The beer and brewing industry as with any other has developed a following online in the form of social media. Multiple websites and social media applications have established platforms that allow for the sharing, recommending and reviewing of local beers and breweries. Beeradvocate.com has emerged as "the go to resource for beer" and allows users to rank, share, and review beers of different beer makers across the world. Beeradvocate also has a ranking feature that compiles a list of reviews from all of its users to rank that the total cumulative score of beers by its users. Untappd is another beer sharing application that promotes the tourism of beer and breweries. Untappd is an app for iOS and Android devices that allows users to rate, review and comment on beers and breweries. The app allows users to tag certain friends and post pictures and "check-in" at local bars and breweries to let their friends know they are trying a new beer.

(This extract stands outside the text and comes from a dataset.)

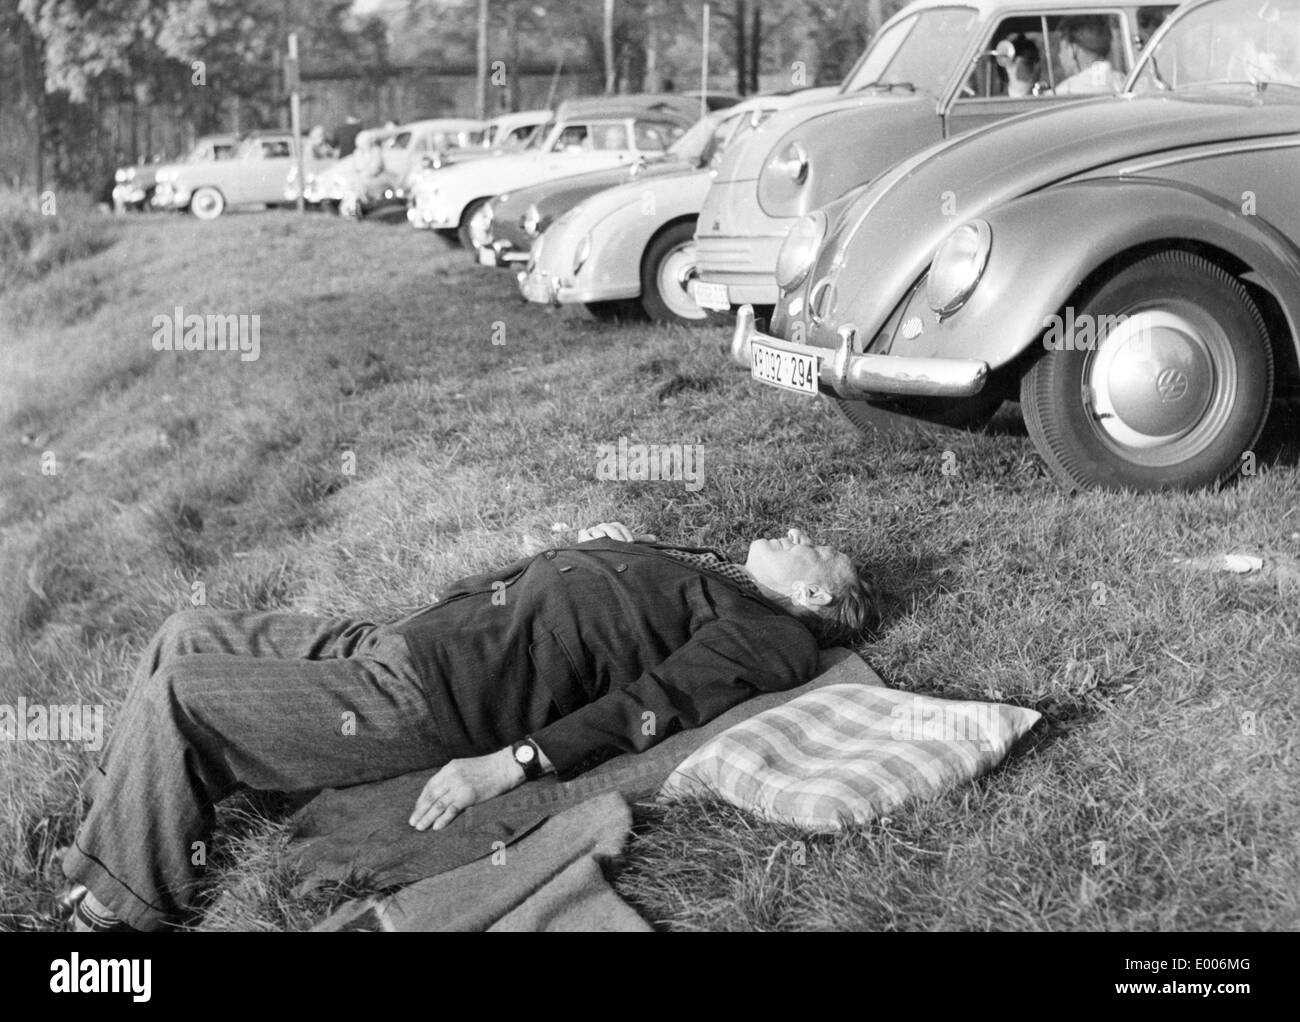 A recreation area in West Berlin, 50's Stock Photo

=== Beer Tourism Index ===
In 2015 the popular travel and accommodation booking website, Travelocity.com, conducted a survey on to their users aimed at exploring the purpose for their users travel. When a substantial portion of the survey respondents indicated that visiting a brewery or sampling local beer was a reason for their travel, the website decided to established the first 'Beer Tourism Index' that is used to rank metro areas throughout the United States on how conducive the destination is to a good "beercation". The Index ranked cities based on four main criteria, the prevalence of breweries, availability of rideshare services, accessibility via air, and the average cost of lodging.